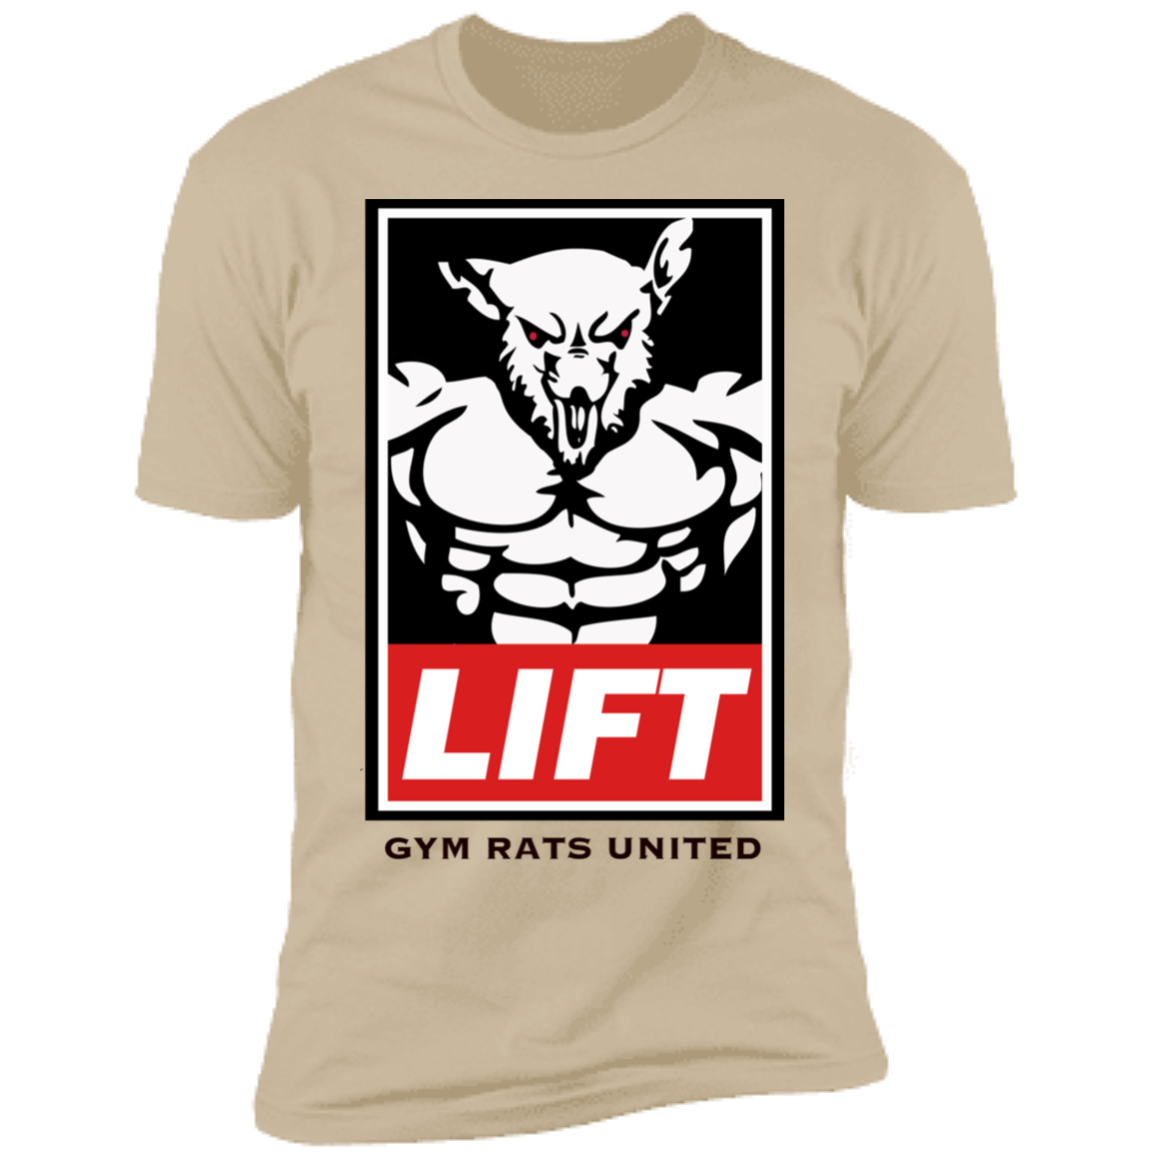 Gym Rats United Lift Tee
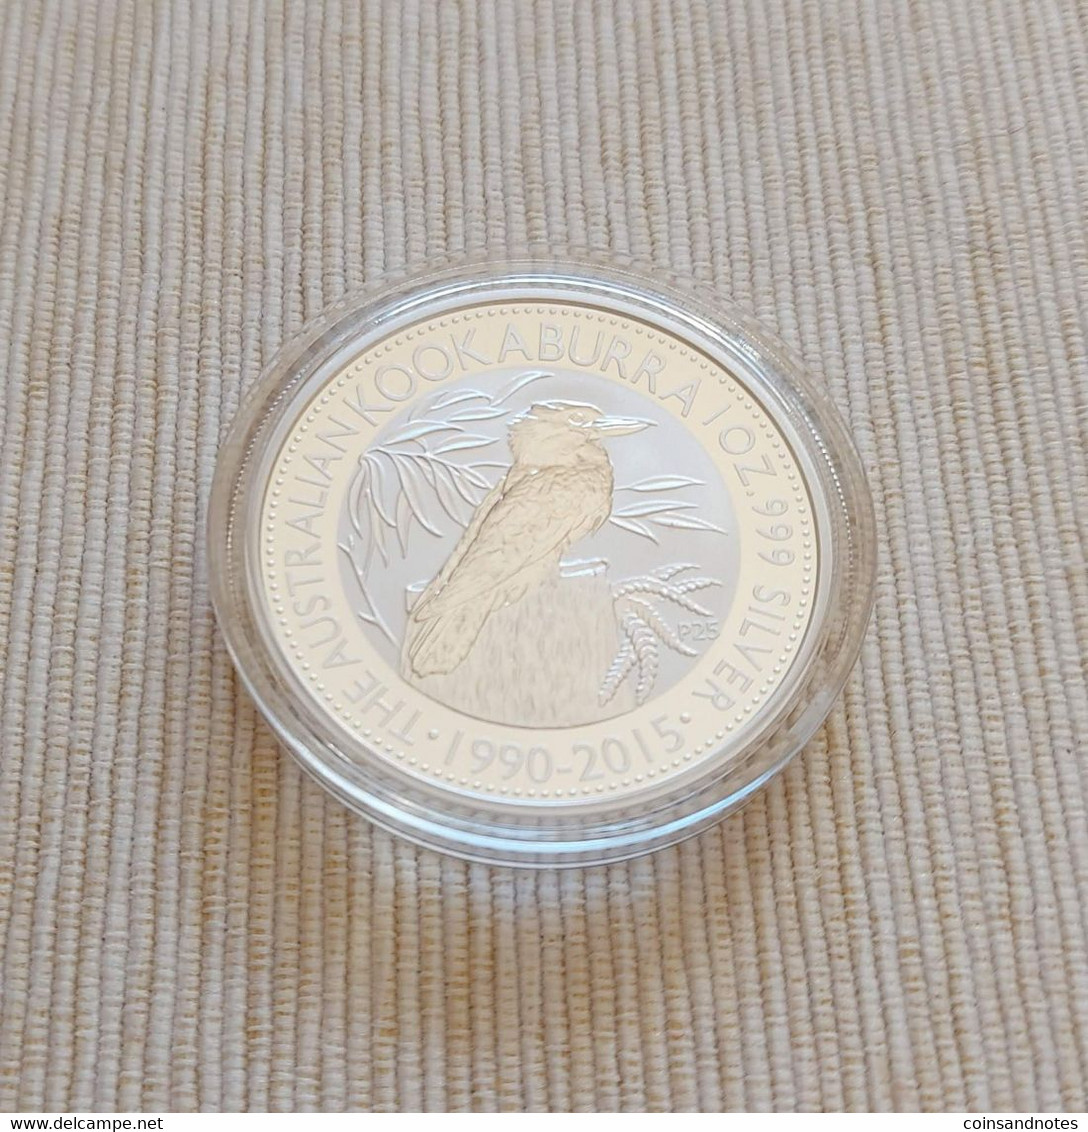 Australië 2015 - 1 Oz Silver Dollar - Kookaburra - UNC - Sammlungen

...

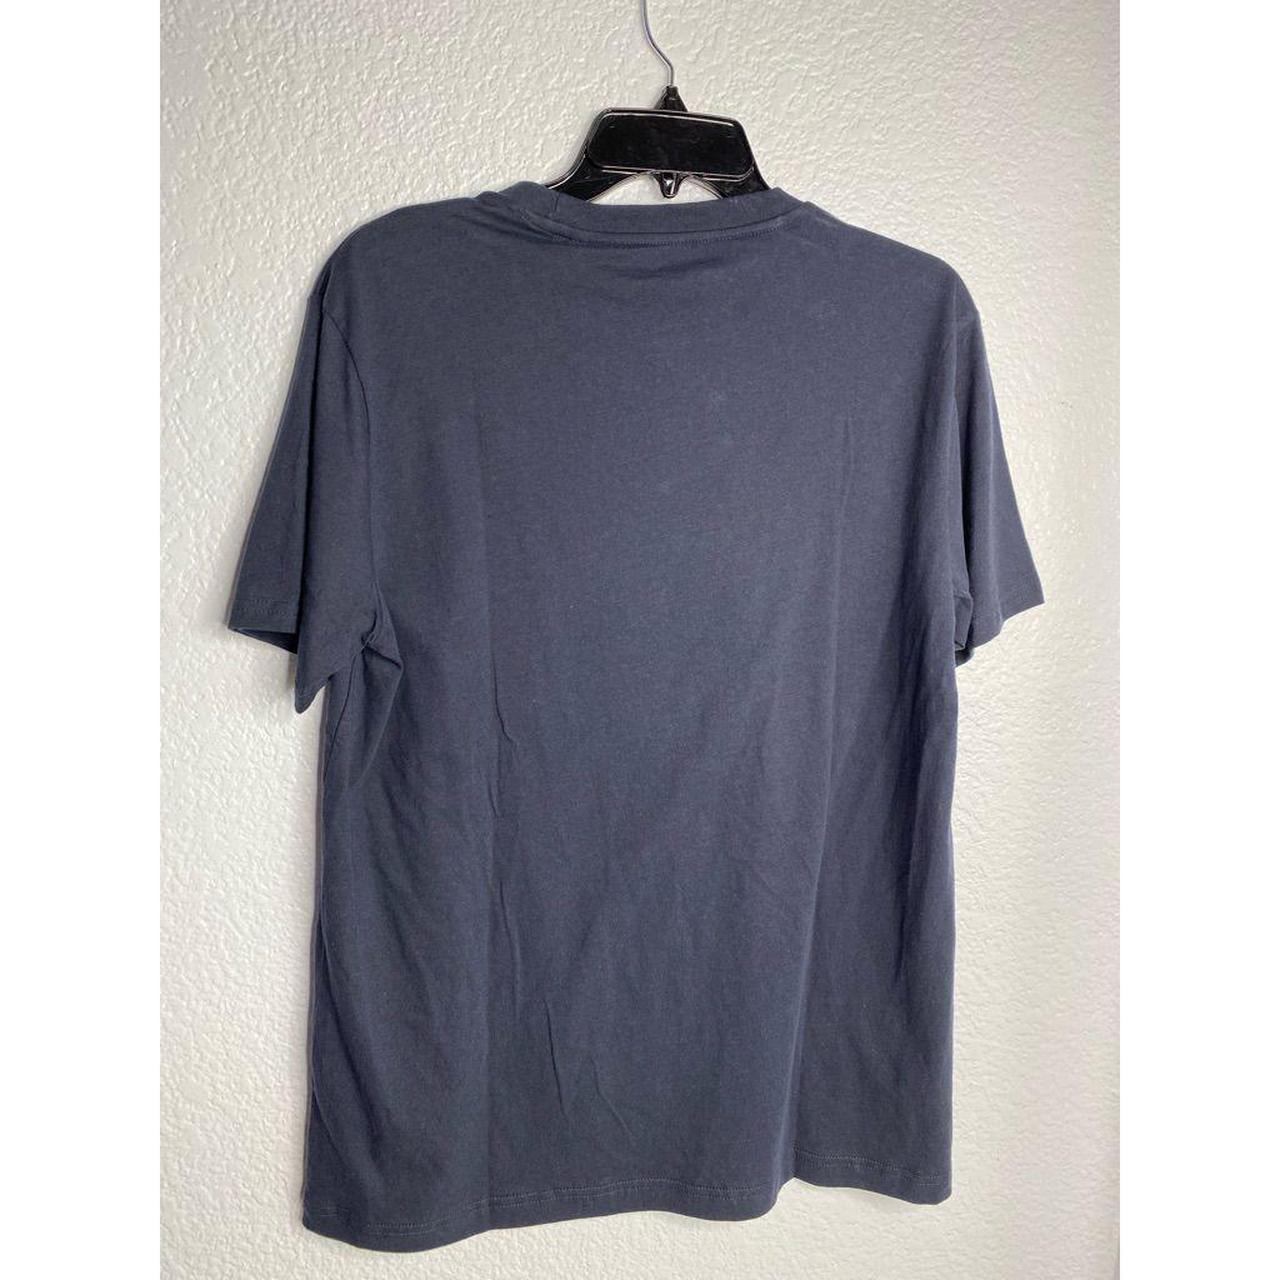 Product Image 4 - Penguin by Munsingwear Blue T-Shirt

● **What you need to do**: Of the records above, print only the lines from the one containing "Gym Rats United Lift Tee" through the one containing "Australië 2015 - 1", inclusive and unaltered, leaving out pictures.

● **Response to the exercise**:
 Gym Rats United Lift Tee
 Australië 2015 - 1 Oz Silver Dollar - Kookaburra - UNC - Sammlungen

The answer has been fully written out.